CLEVELAND -- LeBron James has faced Gregg Popovich in three NBA Finals, and on Saturday night he will play his 24th regular-season game against him, not to mention the uncountable number of San Antonio Spurs games he's watched.
In other words, the Cavaliers star has had plenty of time to form an opinion.
"I think he's the greatest coach of all time," James said Thursday, echoing comments he made last summer.
"You have to be sharp, mentally and physically, when you go against his ballclub. If you were an NFL player, it's probably the same as going against a [Bill] Belichick team," James said after scoring 21 points with 15 assists and nine rebounds in a 118-103 win over the Phoenix Suns. "What they're going to do, they're going to do and you have to try to figure it out."
Popovich has often praised James over the years, but he also has spent a lot of time trying to devise a way to beat him. The defense he designed for the 2007 Finals forced James to change his training methods to become a better shooter. In 2013, James played one of the finest playoff series of his career to beat the Spurs for the title, the only time in six trips to the Finals that Popovich has been beaten. The Spurs beat James and the Miami Heat the next year.
James first got to know Popovich in 2004, after his rookie season, when the Spurs coach was an assistant for Team USA. James was part of the team that took Olympic bronze in Athens that summer. James has been studying Popovich ever since.

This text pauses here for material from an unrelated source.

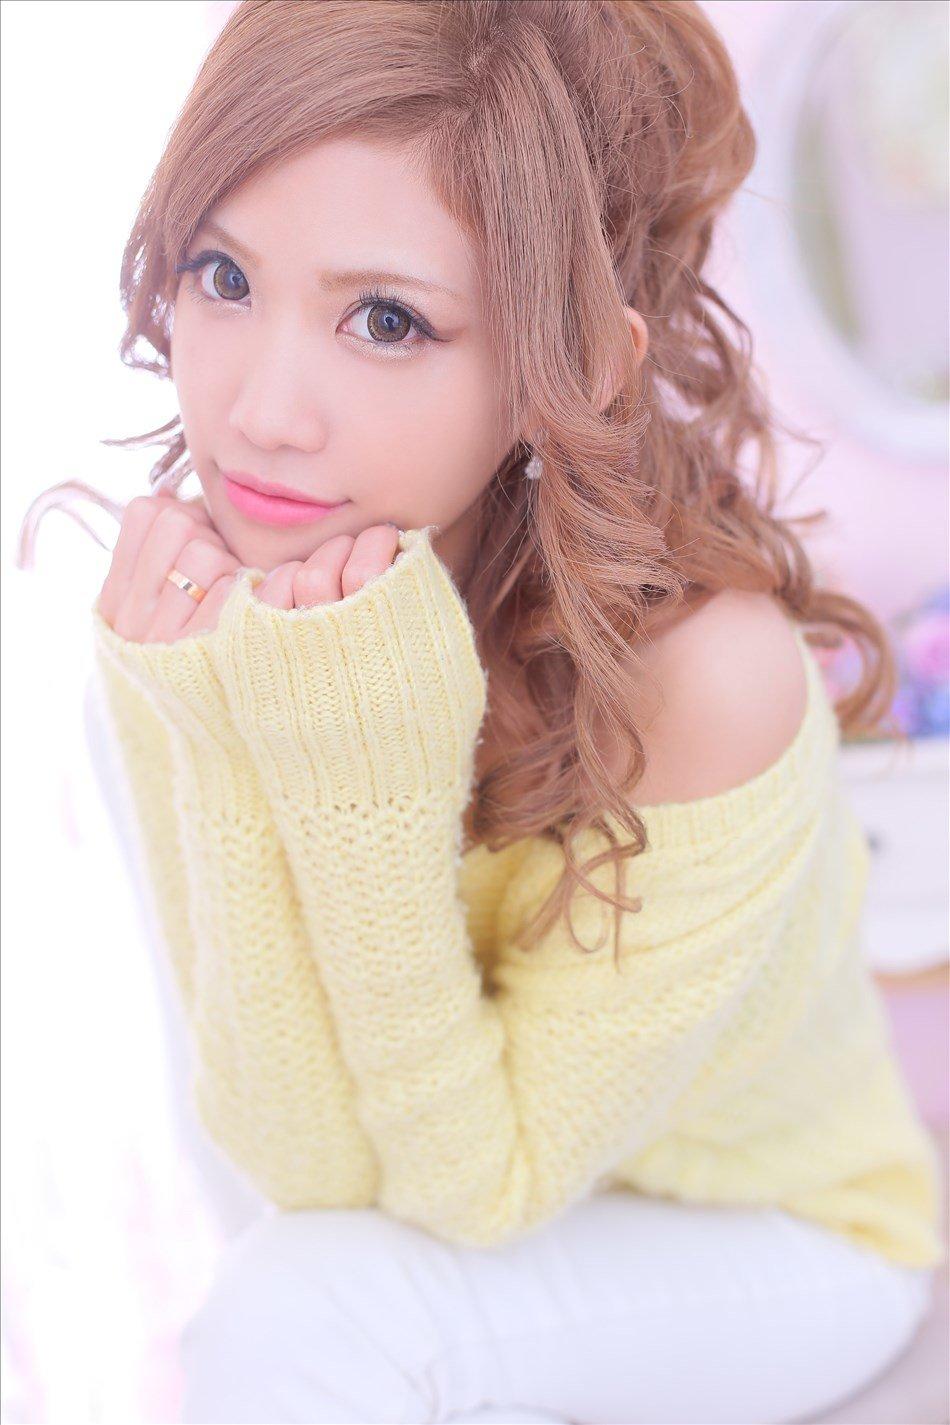 『STORY』の注目嬢マナちゃんはツンデレ肉食系美女ッ!?

"To be able to do what he's done where the basketball has changed so much and he's been able to have a growth mindset and change with the game [is impressive]," James said. "We went from a league where it was inside out, where every time you came down it was throw it to the big, and then it goes to every time down pick-and-roll, and then it goes to every time down shoot a 3.
"Pop has been able to adjust every single time and still, for some odd reason, keep those guys under the radar. I don't understand it."